La pathologie déclarée a été prise en charge au titre de la législation sur les risques professionnels par la CAISSE PRIMAIRE D’ASSURANCE MALADIE (CPAM) de Maine-et-Loire, qui a notifié à la société BLANDIN FONTENEAU, par courrier du 8 novembre 2023, la décision attribuant à monsieur, [O] un taux d’incapacité permanente (IPP) de 10%, la notification indiquant « Forme micronodulaire étendue d’une pneumoconiose à réparation spéciale ».
Par courrier du 27 décembre 2023, la société EIFFAGE CONSTRUCTION PAYS DE LA LOIRE a saisi la commission médicale de recours amiable (CMRA) afin de contester la décision de la CPAM ayant attribué à monsieur, [O] un taux d’incapacité permanente partielle de 10% à compter du 29 juin 2022.
Par courrier du 7 mai 2024, la CPAM a notifié à la société EIFFAGE CONSTRUCTION PAYS DE LA LOIRE la décision de la CMRA, prise lors de sa séance du 18 avril 2024, confirmant le taux d’IPP de 10% attribué à monsieur, [O].
Par requête réceptionnée le 13 juin 2024, la société EIFFAGE CONSTRUCTION PAYS DE LA LOIRE a saisi le pôle social du tribunal judiciaire de Nantes aux fins de contester le taux d’IPP de 10% attribué à monsieur, [O].
Les parties ont été convoquées à l’audience qui s’est tenue le 19 novembre 2025 devant le pôle social du tribunal judiciaire de Nantes.
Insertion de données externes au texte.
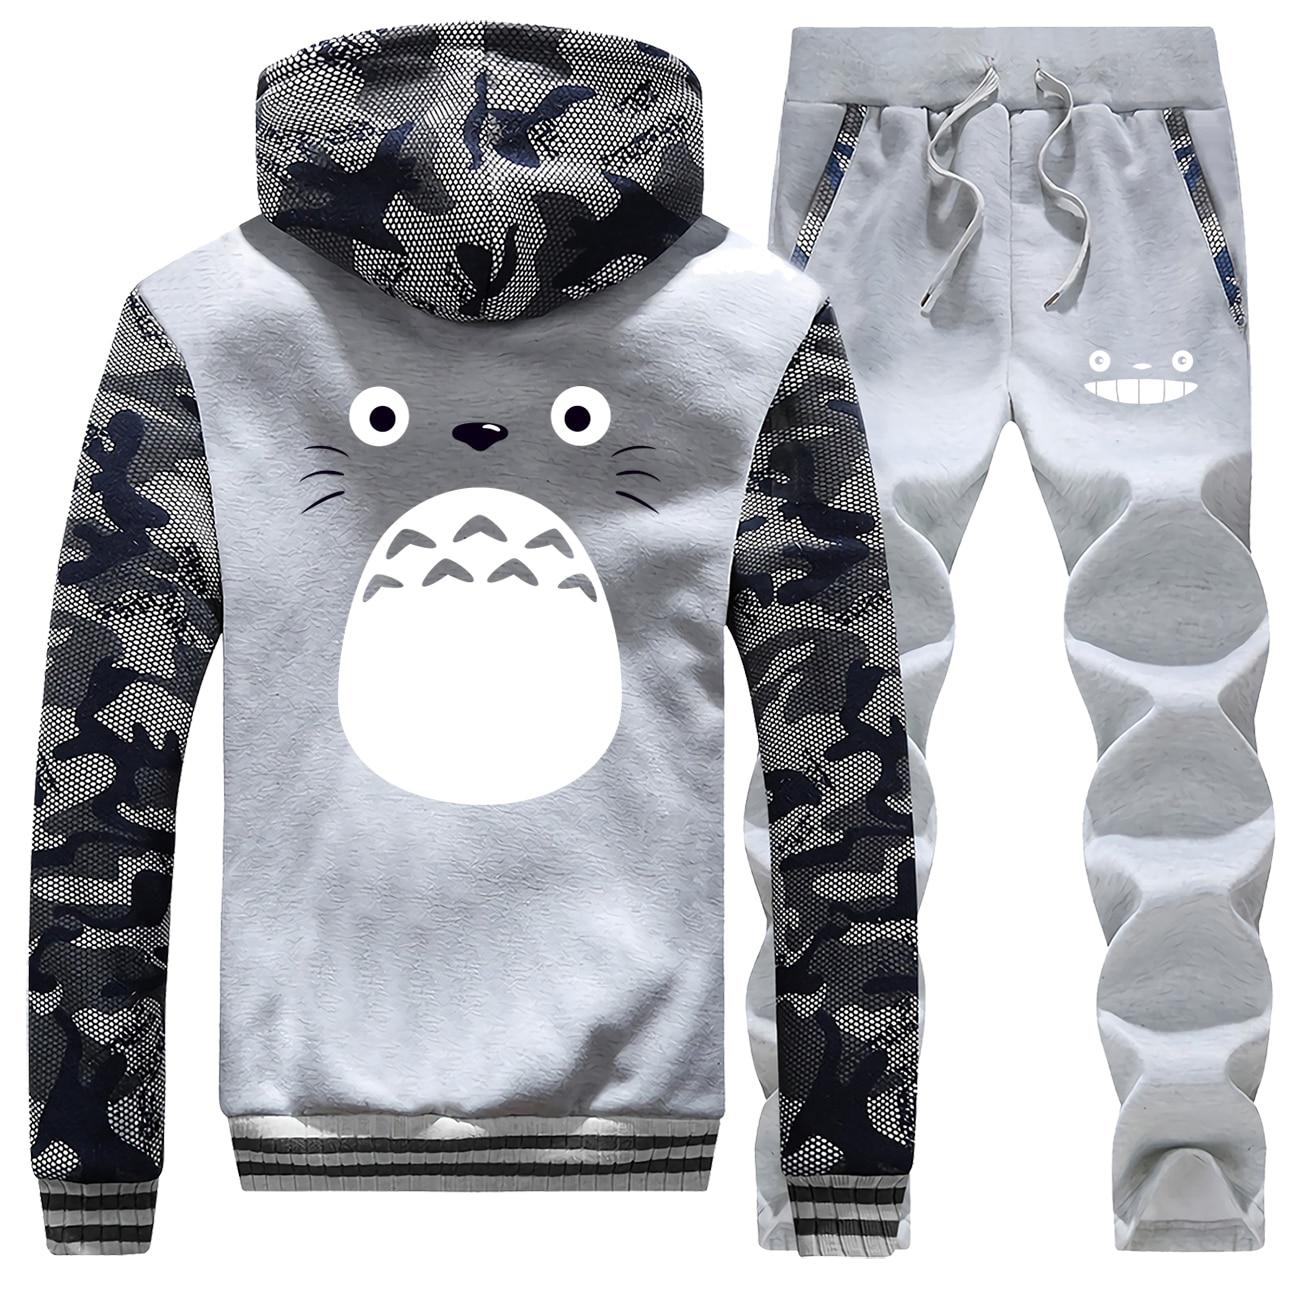 Miyazaki Hayao Cartoon Spirited Away Totoro Men Thick Hoodies Warm Suit Jacket+Pants 2 Piece Sets Studio Ghibli Mens Sweatshirt
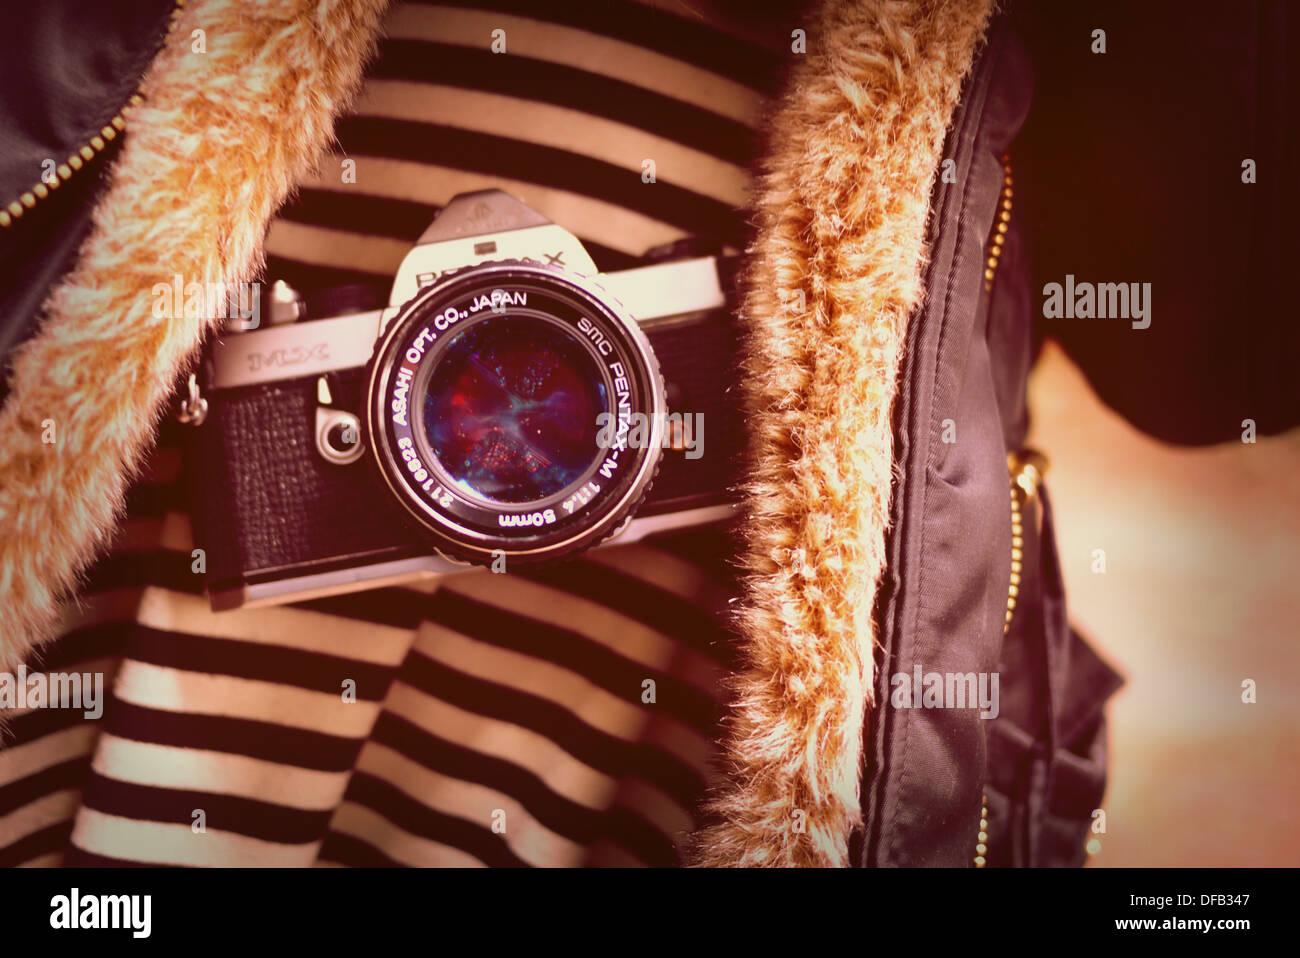 old Pentax MX camera hanging on girl - Stock Image

L’affaire a fait l’objet d’un renvoi à l’audience du 11 février 2026 au cours de laquelle le Docteur, [M] a été désigné en qualité de médecin expert pour donner son avis sur le taux d’IPP de monsieur, [O].
Aux termes de ses conclusions n°2 du 23 janvier 2026, la S.A.S. EIFFAGE CONSTRUCTION PAYS DE LA LOIRE, demande au tribunal de :
A titre principal,
Juger qu’à l’égard de la société EIFFAGE CONSTRUCTION PAYS DE LA LOIRE, le taux médical de 10% doit être ramené à 0% dans les rapports CPAM/employeur ; Prononcer l’exécution provisoire ;
A titre subsidiaire,
Ordonner une consultation médicale et désigner un expert afin qu’il se prononce sur les séquelles et le taux attribué à monsieur, [E], [O] ;Juger que les frais de la consultation médicale seront entièrement à la charge de la CPAM ;Juger que les dépens d’instance seront entièrement mis à la charge de la CPAM.
S’appuyant sur le rapport de son médecin conseil, le Docteur, [Y], elle soutient que le salarié présente un important état antérieur pulmonaire, qu’il souffre d’une métastase lobaire inférieure gauche d’un adénocarcinome rectal et de lésions de bronchopneumopathie chronique post-tabagique.
Il n’existe aucune séquelle de l’asbestose déclarée par monsieur, [O].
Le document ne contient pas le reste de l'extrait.